Experts Discuss the Future of Bioengineering: AI-Driven Autonomous Labs

by LEE HYO JUNG Posted : October 2, 2026, 14:28Updated : October 2, 2026, 14:28

Artificial intelligence (AI) is expected to play a pivotal role in the future of the bioindustry by designing experiments and utilizing robots to conduct them in 'autonomous laboratories.' However, securing high-quality experimental data and establishing international safety measures to prevent technological misuse remain significant challenges.

On October 1, Professor Huimin Zhao from the University of Illinois Urbana-Champaign and Professor Shoji Takeuchi from the University of Tokyo discussed the future of AI and biotechnology integration during a press conference at the '2026 Korean Society for Biotechnology Fall Conference and International Symposium' held at the Jeju International Convention Center.
 
◇ 'AI Biofoundry Lowers Barriers and Shortens Development Cycles'
Professor Zhao, an expert in synthetic biology and enzyme engineering, emphasized that AI is significantly lowering the barriers to entry for biofoundries, which automate the entire process of bio research from gene design to production and testing.
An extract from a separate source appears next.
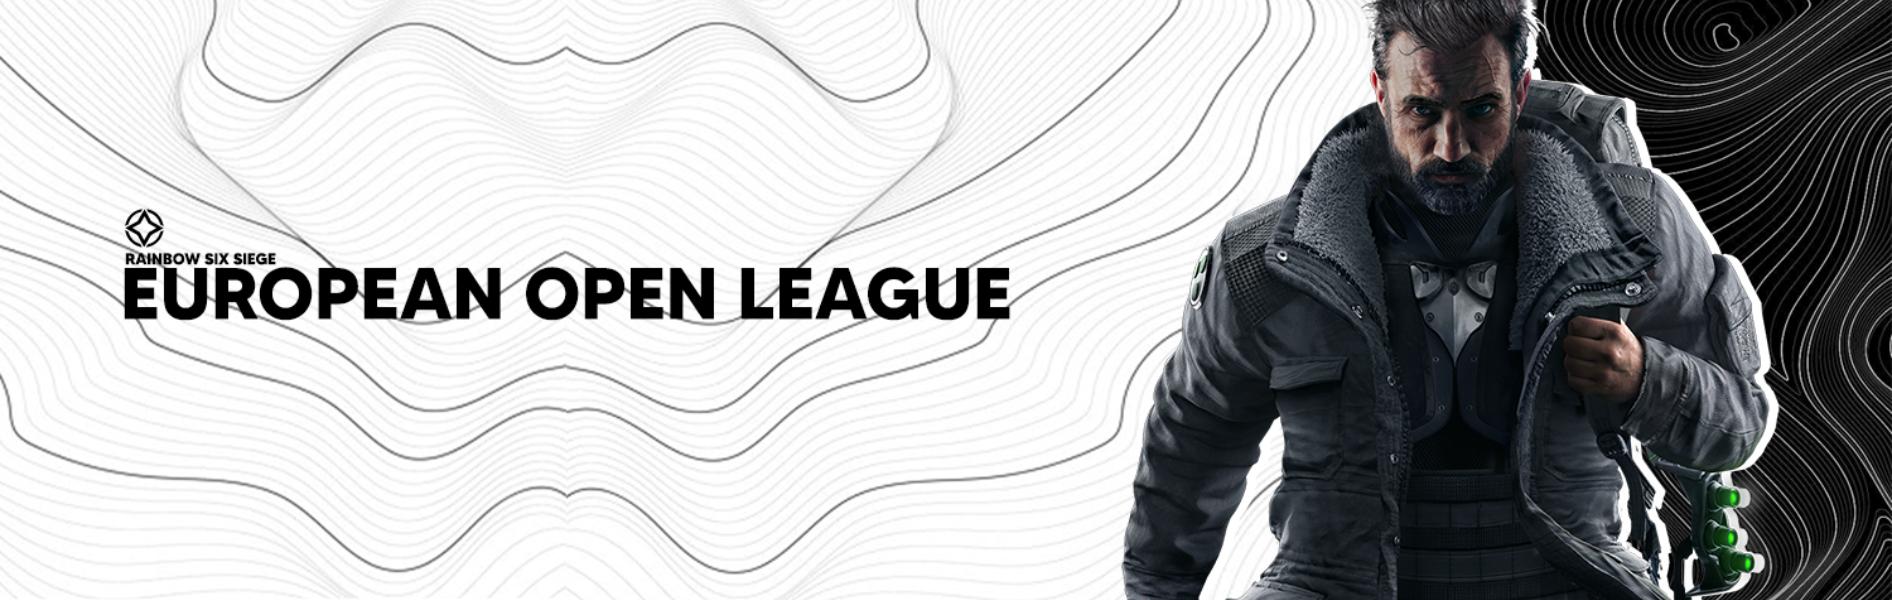 European Open League Banner
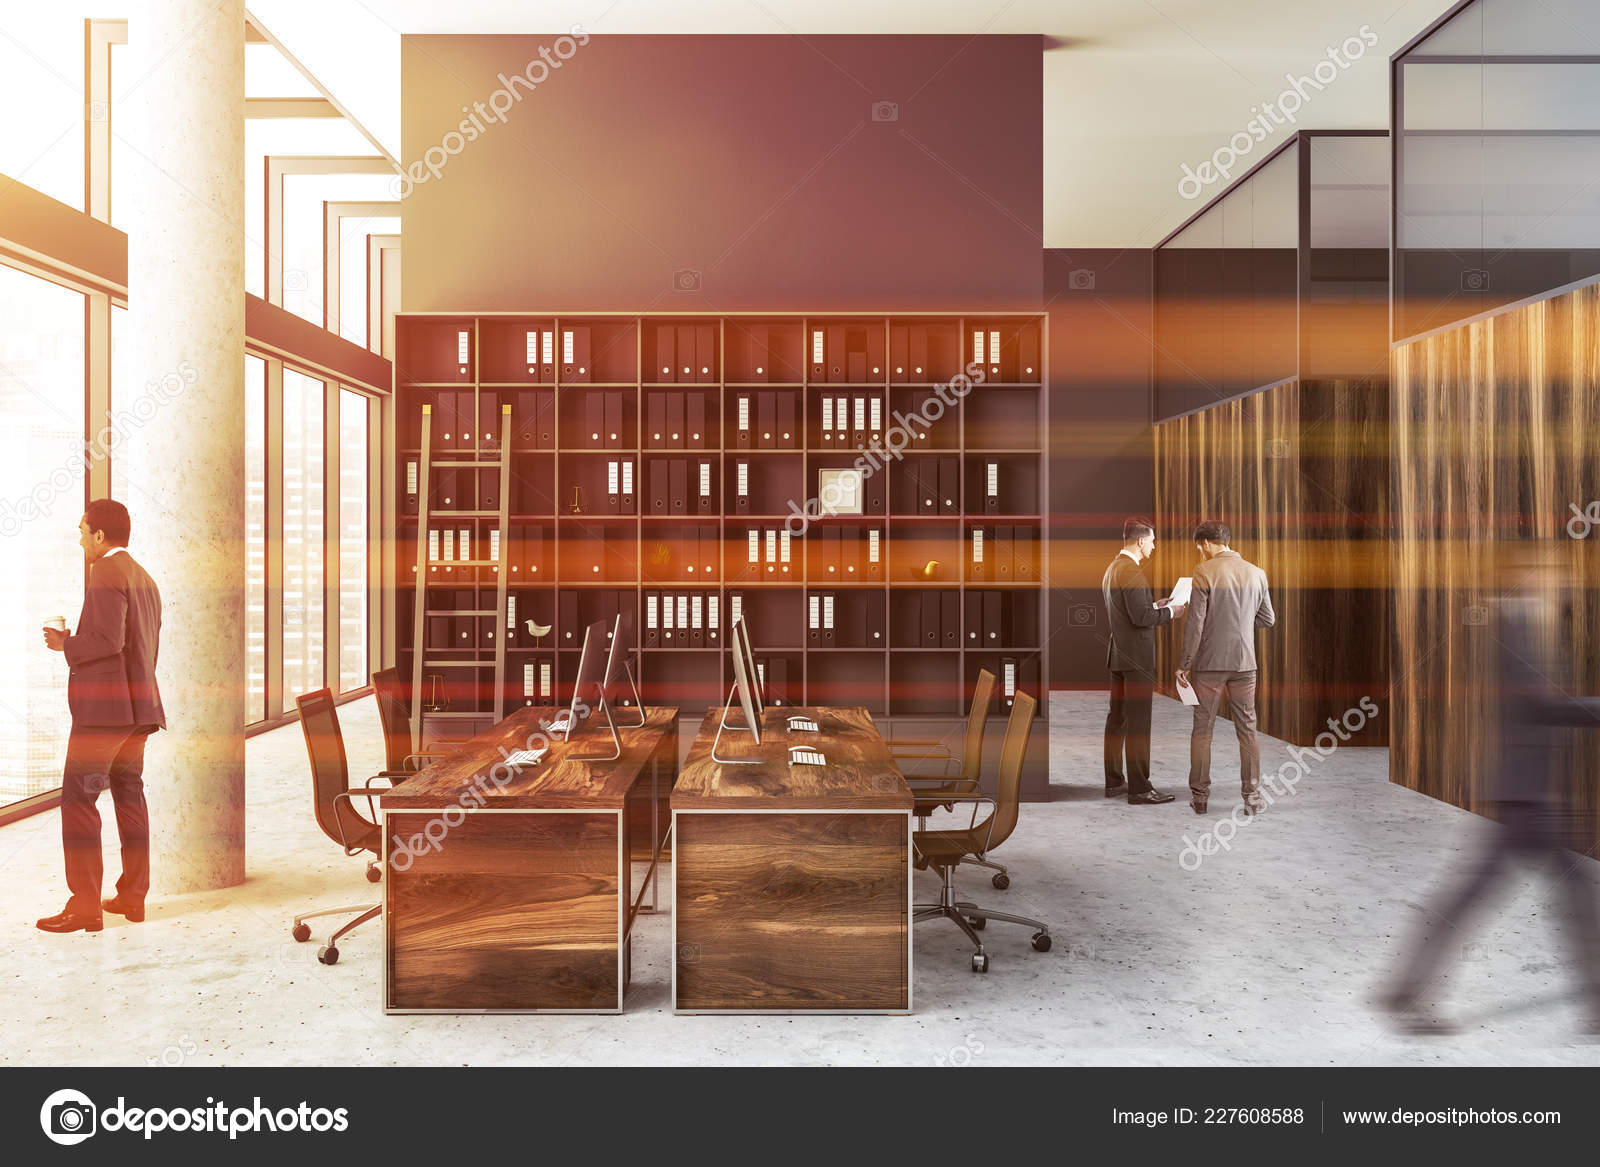 People Modern Office Gray Walls Concrete Floor Wooden

"In the past, using a biofoundry required at least several months of training, and my lab students were no exception," Zhao explained. "Now, researchers can design experimental workflows by conversing with AI in natural language, which also informs them about what the AI can perform in the biofoundry." He added that the next step involves integrating AI directly with robots, termed 'physical AI.'

Zhao also predicted substantial industrial impact, stating, "Enzymes and microorganisms are already widely used in chemicals and detergents, but the difficulty in designing and improving biological systems has limited their application. By dramatically reducing development cycles through AI-based biofoundries, we can rapidly develop protein-based pharmaceuticals like antibodies."

He noted that Korea has the resources to expand biofoundries, thanks to government support. "Now, we need to prioritize how to integrate AI into biofoundries, which presents an opportunity for Korea," he emphasized.

Zhao identified 'data' as the primary obstacle in AI drug and bio research. He stated, "Among the key elements of AI—algorithms, computing, and data—data is the most significant limiting factor in scientific research. Literature data often omits failed results and may not be reproducible, making it difficult to use for AI training." He proposed that standardizing data produced by robots could allow for the integration of data from various institutions, presenting autonomous laboratories as a solution.

He also cautioned against the misuse of technology, stating, "Regulations should not be so strict as to hinder progress, but government oversight is essential. Unlike AI in computers, autonomous laboratories conduct biological experiments in the physical world, which can introduce additional safety issues." Zhao suggested that 'international consensus is necessary.'

Concerns have been raised about AI potentially replacing researchers as it rapidly advances. In response, Zhao remarked, "Students in molecular biology currently spend about half their time on repetitive tasks like plasmid construction. These tasks can be delegated to robots, allowing researchers to tackle more complex problems that were previously beyond their reach," dismissing the fears.
 
◇ 'Muscle Robots Operate for 100 Days... 'Living AI' Needed'
Professor Shoji Takeuchi, a pioneer in the field of biohybrid robots, presented research achievements and challenges related to using living muscle during the conference.

He identified the lifespan of muscle tissue as a major challenge. "We have secured data showing that muscles can operate for about 100 days," Takeuchi said. "To extend their lifespan, we need to implement a 'turnover' system that allows damaged muscle fibers to regenerate like real muscle."

He also highlighted potential medical applications, stating, "A biohybrid hand powered by living muscle can connect to a patient's nerves or muscles, allowing it to operate without batteries or electric motors, making it lightweight and beneficial for patients." He added that three-dimensional tissues could also be utilized in regenerative medicine and drug testing models, although these ideas are still in the research phase.

In the sensor field, he introduced technology that mimics a dog's nose. "Detection dogs can only concentrate for 5 to 10 minutes," Takeuchi noted. "By incorporating a dog's olfactory capabilities into robots, we can enable long-term detection and apply it to early disease diagnosis."

Takeuchi proposed 'living AI' as the next step in the integration of AI and biotechnology. He stated, "Current physical AI has advanced to the point of making humanoids dance and run, but we still do not know how to control living muscles and nervous systems. The next generation of physical AI must understand and control biological components."

The symposium, themed 'AI STAR (AI Integrated Sustainable Transformations for Advanced Robust Biotechnology),' runs until October 2 and features over 2,000 biotechnology experts from around the world presenting more than 900 research findings across 33 specialized sessions.




* This article has been translated by AI.